Everything starts with a simple observation of the login process. By capturing a login attempt in Burp Suite, we can see exactly what the client sends to the server.

Figure 1: Capturing the authentication request in Burp Suite.

The first thing that stands out is the technology: Vendure uses GraphQL. The request is a POST to /admin-api with an AttemptLogin mutation.

POST /admin-api?languageCode=en HTTP/1.1
Host: localhost:3000
Content-Type: application/json

{
  "operationName": "AttemptLogin",
  "variables": {
    "username": "testuser",
    "password": "testpassword",
    "rememberMe": false
  },
  "query": "mutation AttemptLogin($username: String!, $password: String!, $rememberMe: Boolean!) { login(username: $username, password: $password, rememberMe: $rememberMe) { ...ErrorResult __typename } } fragment ErrorResult on ErrorResult { errorCode message __typename }"
}

Since Vendure is an open-source framework, seeing this GraphQL structure is an invitation to dive into the source code. If we want to understand how the server processes this specific login mutation, we need to find the corresponding Resolver. This transition from “Black Box” observation to “White Box” analysis is where the real investigation begins.

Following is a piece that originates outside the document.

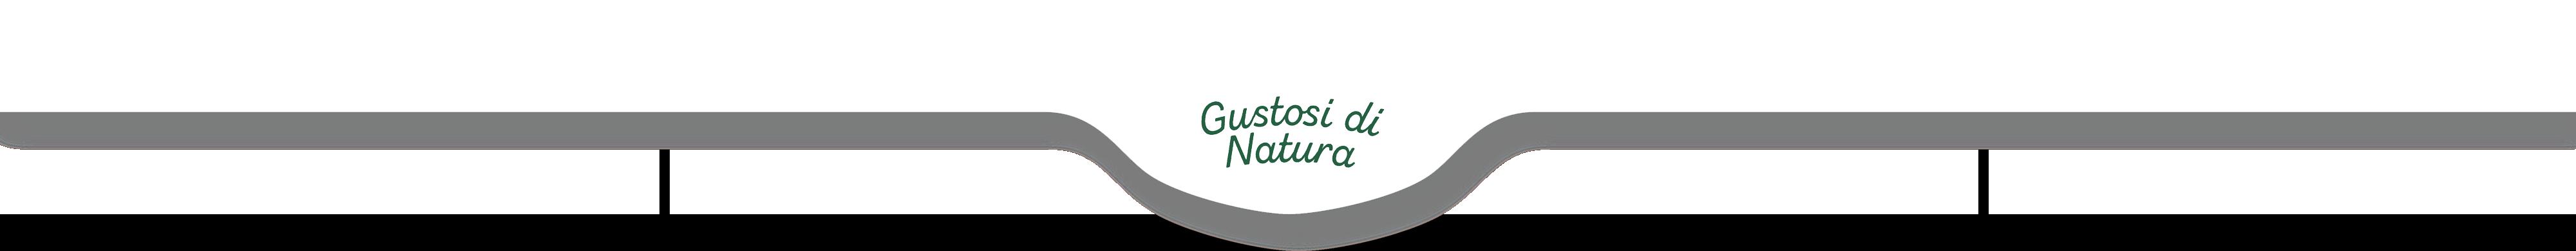 Gustosi-natura-header-sito-4

Tracing the Data Flow: From Resolver to Strategy

Now that we know we are looking for a login mutation in the Admin API, we can start our journey through the codebase to find where the username and password are actually verified.

Technical Deep Dive: Tracing the Data Flow

To understand why this was happening, I followed the request from the GraphQL entry point down to the database layer.

1. The Entry Point: AuthResolver

The journey begins in packages/core/src/api/resolvers/admin/auth.resolver.ts. When a user hits the login mutation, it triggers this method:

@Transaction()
@Mutation()
@Allow(Permission.Public)
async login(
    @Args() args: MutationLoginArgs,
    @Ctx() ctx: RequestContext,
    @Context('req') req: Request,
    @Context('res') res: Response,
): Promise<NativeAuthenticationResult> {
    // ... checks if Native Auth is enabled
    return (await super.baseLogin(args, ctx, req, res)) as AuthenticationResult;
}

2. The Orchestrator: AuthService

In packages/core/src/service/services/auth.service.ts, the authenticate method identifies the strategy (in this case, “native”) and dispatches the credentials.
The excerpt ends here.